--- ABOUT THIS EXERCISE ---
Leaving out pictures, output exactly the lines below from the one that has "Ikii - Korean" through the one that has "Dropdead Gorgeous Hardcore T-shirt", and nothing else.

--- GIVEN INFORMATION ---
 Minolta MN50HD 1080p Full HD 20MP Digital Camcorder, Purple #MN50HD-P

---

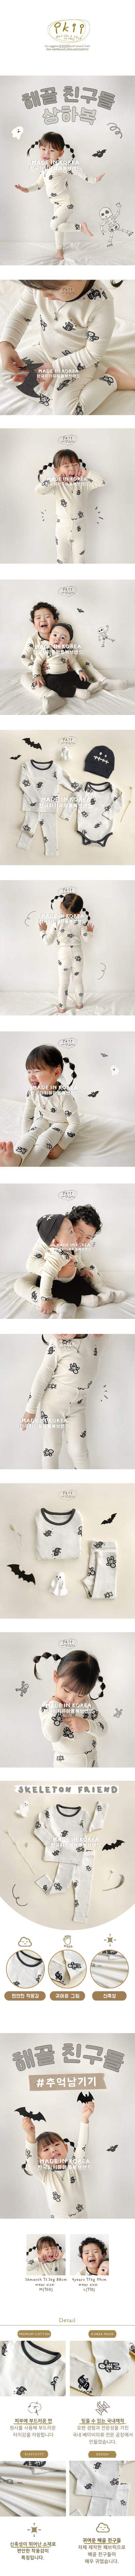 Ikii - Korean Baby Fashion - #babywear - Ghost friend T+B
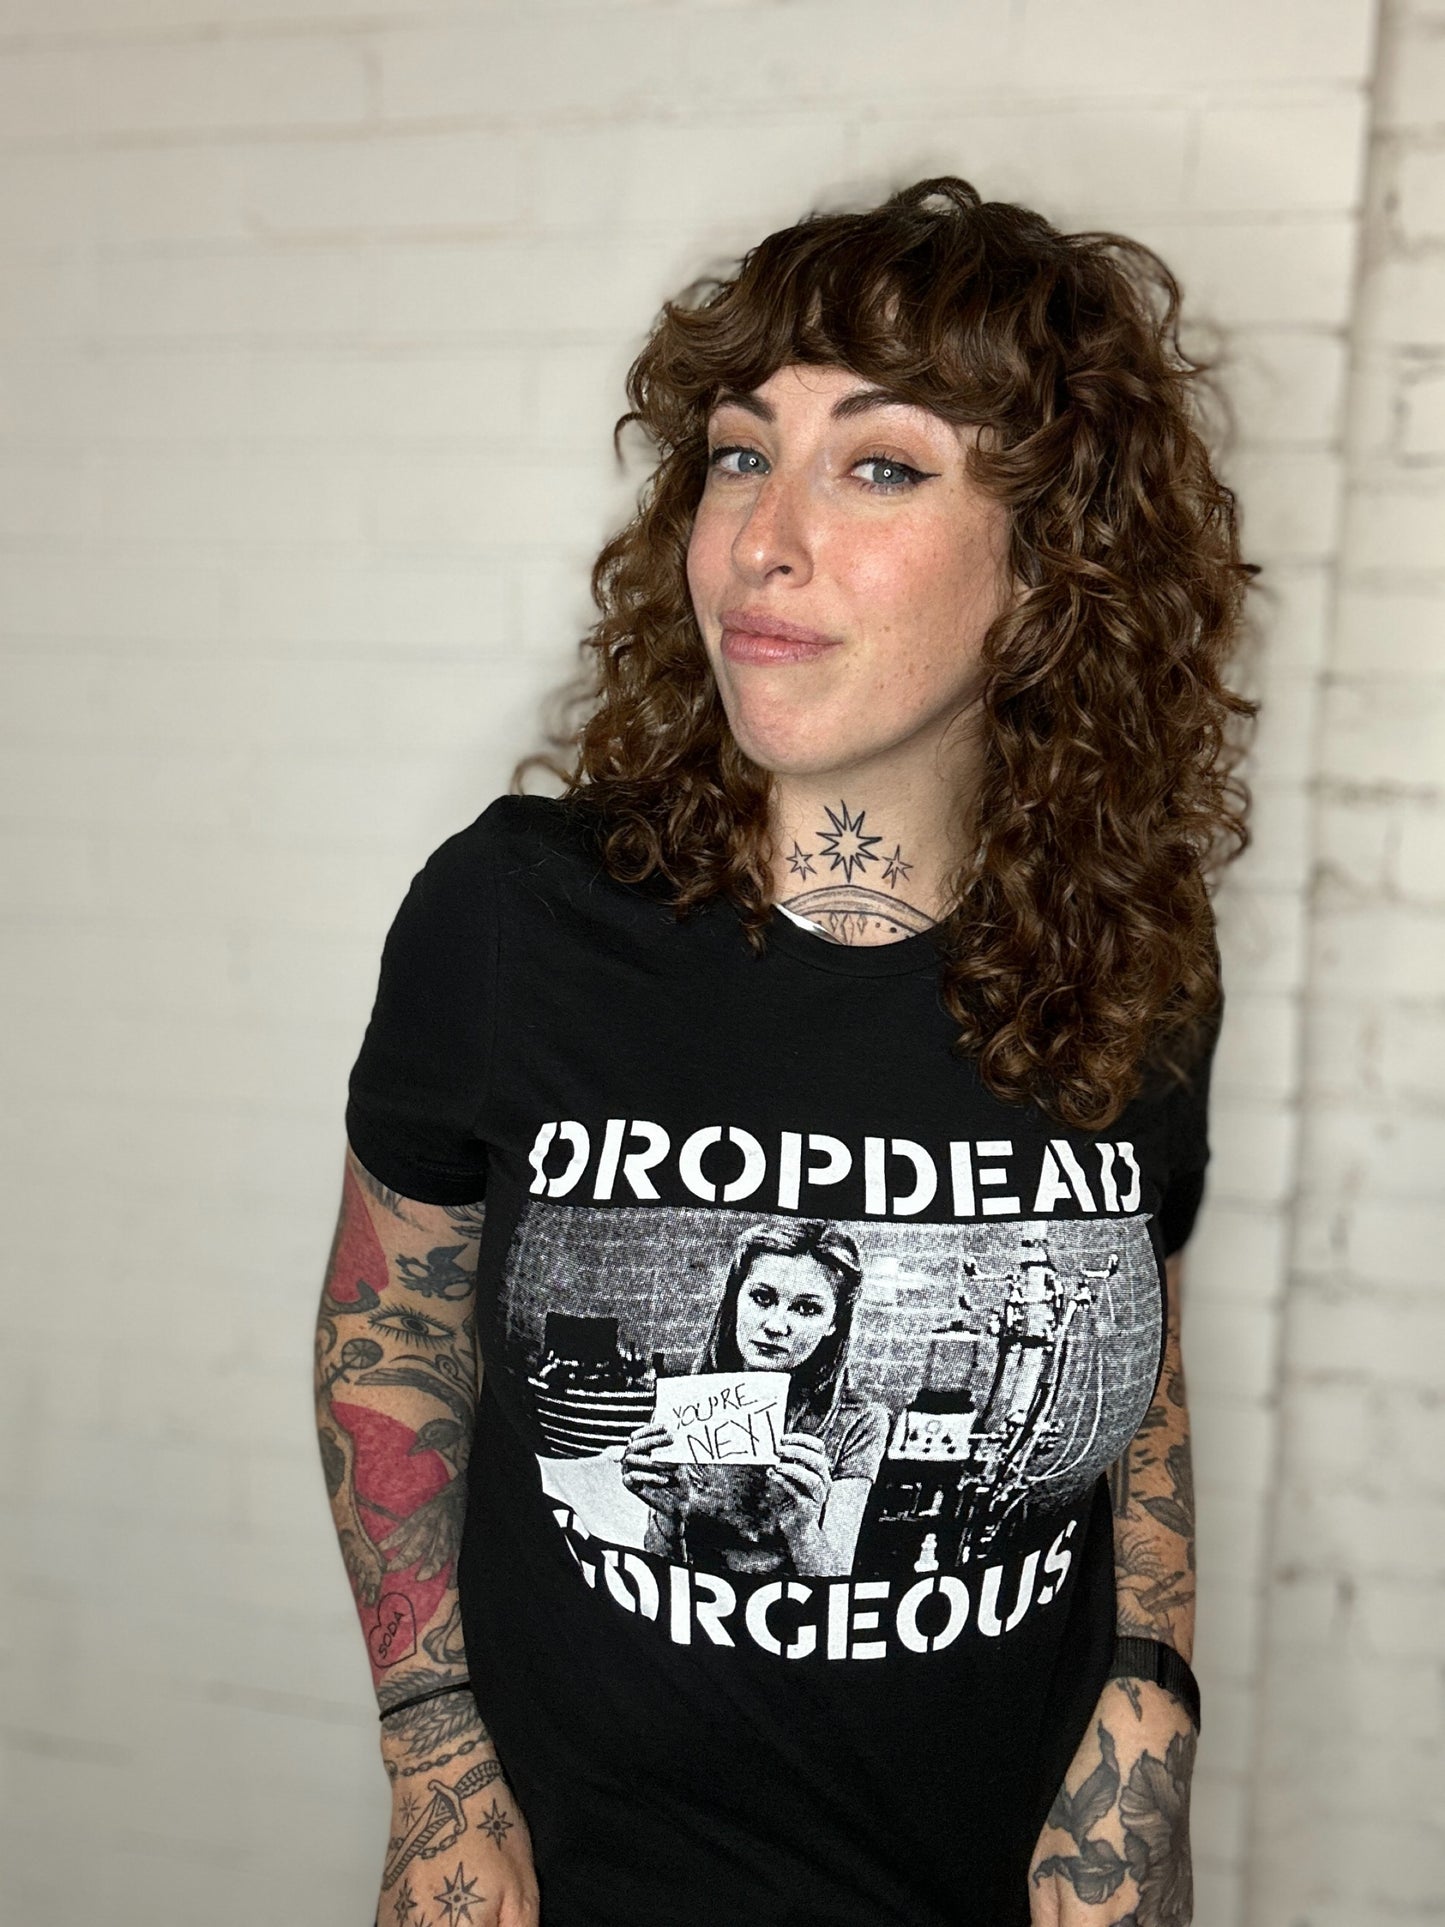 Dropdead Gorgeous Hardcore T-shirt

--- EXERCISE RESULT ---
 Ikii - Korean Baby Fashion - #babywear - Ghost friend T+B
 Dropdead Gorgeous Hardcore T-shirt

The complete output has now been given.